V.I.P. Industries (VIP IN) - Jinesh Joshi - Research Analyst, Prabhudas Lilladher Pvt Ltd.

Rating: HOLD | CMP: Rs613 | TP: Rs689

Q2FY24 Result Update – Higher opex dents EBITDA margin

Quick Pointers:

§ GM rises to 55.5% amid improvement in product mix and accrual of full benefits arising from falling crude price in earlier quarters.

§ EBITDA margin falters to 9.7% amid rise in A&P spends to Rs560mn.

We cut our EPS estimates by 21%/7%/2% for FY24E/FY25E/FY26E and downgrade the stock to a HOLD as we re-align our indirect cost assumptions in light of weak performance in 2QFY24 which was marred by 1) higher A&P spends of Rs560mn 2) additional outgo of Rs150mn pertaining to freight & warehousing and 3) one-time expense of Rs60mn relating to a payment made to BCG to fast track growth in e-com channel. Nonetheless, GM improvement to 55.5% was noteworthy but we believe sustainability can prove to be a challenge given rising crude prices. VIP has been facing considerable growth challenges over the last 2 quarters (top-line growth of 7.0% YoY in 1HFY24) and it remains to be seen whether a change of guard at top-level can bring an end to concerns surrounding erosion in market share. We expect sales/EBITDA CAGR of 10%/15% over FY23-FY26E and downgrade the stock to a HOLD with a TP of Rs689 (earlier Rs721) valuing it at 38x Sep-25 EPS (no change in target multiple).

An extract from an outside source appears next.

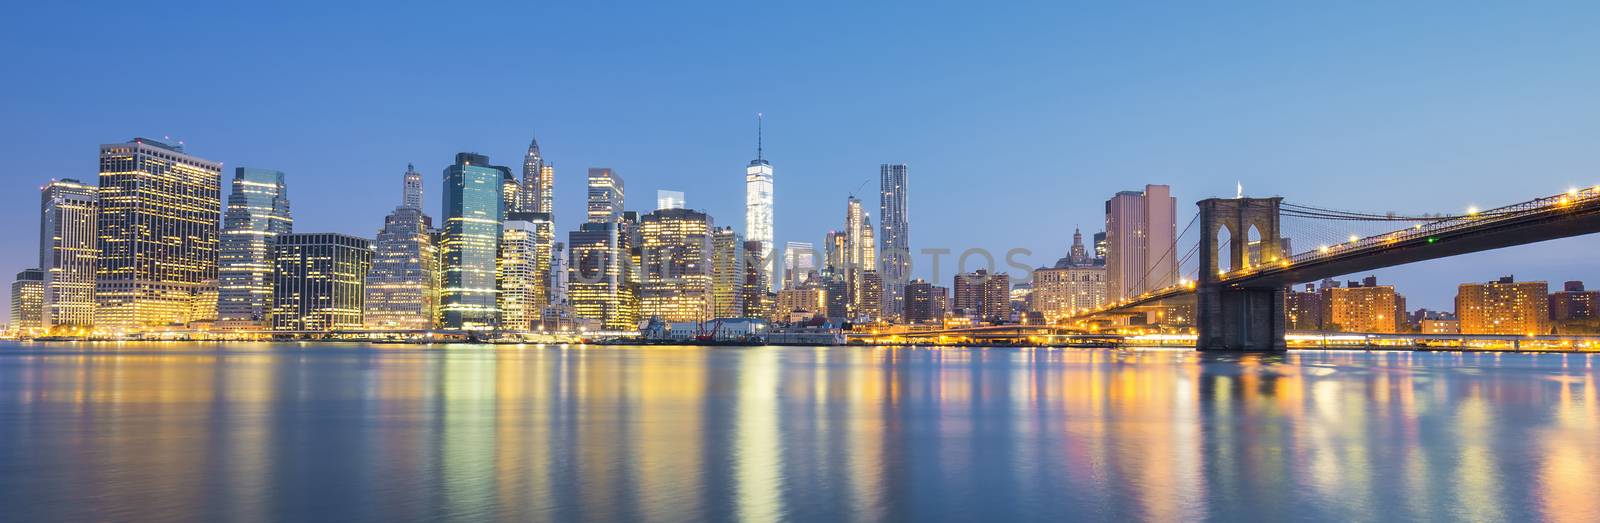 View of New York City Manhattan midtown at dusk by vwalakte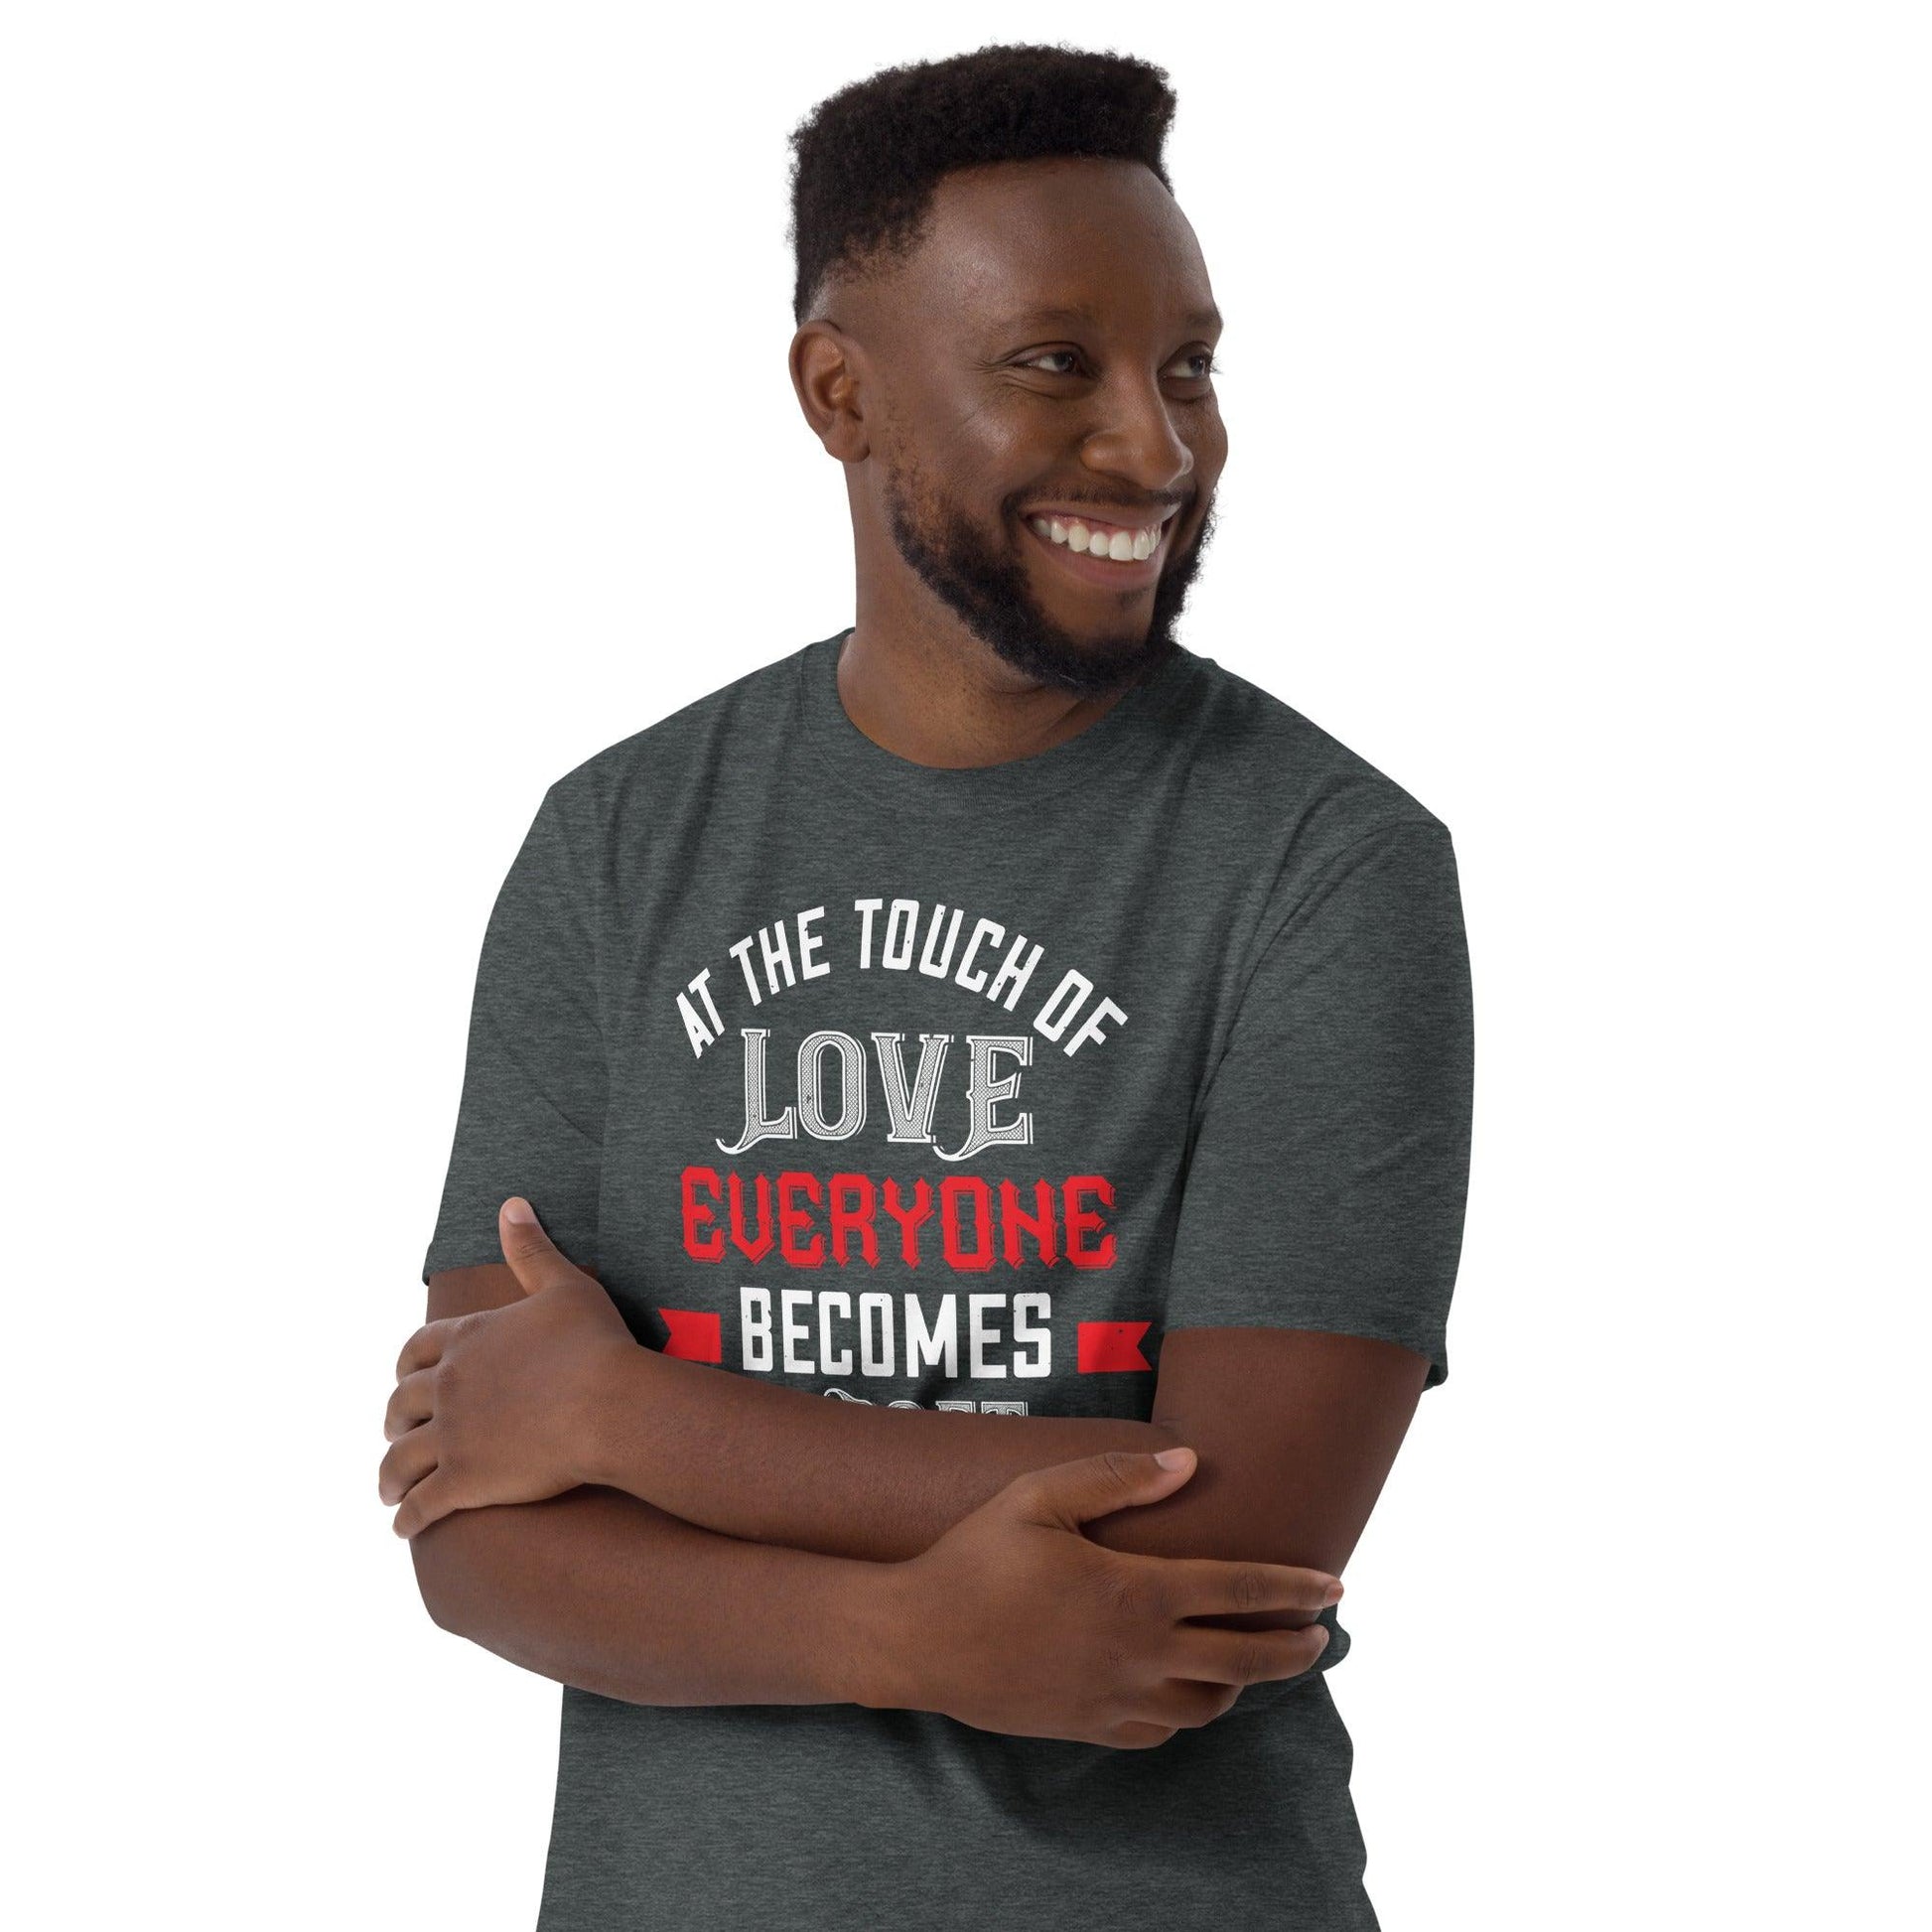 Short-Sleeve Unisex T-Shirt At The Touch Of Love Everyone Becomes A Poet - Canvazon

Revenue increased 6.1% YoY: Top-line increased 6.1% YoY to Rs5,461mn (PLe of Rs5,508mn). In 1HFY24, backpacks/handbags contributed 13%/4% to the top-line.

GM bounces back to 55.5%: Gross profit increased 22.4% YoY to Rs3,031mn (PLe of Rs2,699mn) with margin of 55.5% (PLe of 49.0%). GM improvement was due to better product mix and accrual of full benefits arising from falling crude price in earlier quarters.

EBITDA margin falters to 9.7%: EBITDA decreased 26.1% YoY to Rs529mn (PLe of Rs700mn) with a margin of 9.7% (PLe 12.7%). EBITDA margin was below our estimates due to higher than expected other expenses of Rs1,841mn (PLe Rs1,322mn) largely led by higher A&P spends.

Adjusted PAT at Rs133mn: Adjusted PAT decreased 69.4% YoY to Rs133mn (PLe of Rs344mn) with a margin of 2.4% (PLe 6.2%) as compared to margins of 8.4%/5.0% in Q2FY23/Q1FY24 respectively.

Con-call highlights: 1) 26 new launches are scheduled in the next three to four months. 2) A&P spends stood at Rs560mn in 2QFY24 (of which Rs230mn was spent on performance marketing). 3) Rs60mn was paid to BCG for an e-commerce project, while Rs150mn was incurred for additional freight & handling charges. 4) Majority of the inventory worth Rs7,635mn, consists of backpacks. 5) In 2QFY24, VIP opened 37 EBOs, and has signed up stores at 6 airports exclusively for Carlton. 6) Capex plan of Rs2bn has been put on hold, and additional sum of Rs500mn will be incurred to expand HL capacity, of which Rs250-300mn has already been spent. Overall capex guidance for FY24E is pegged at Rs800-850mn. 7) VIP targets to open ~100 EBO’s in FY24E, with 63 stores already opened in 1HFY24. 8) Current capacity stands at 17 lakh pieces and will be increased to 20 lakh pieces.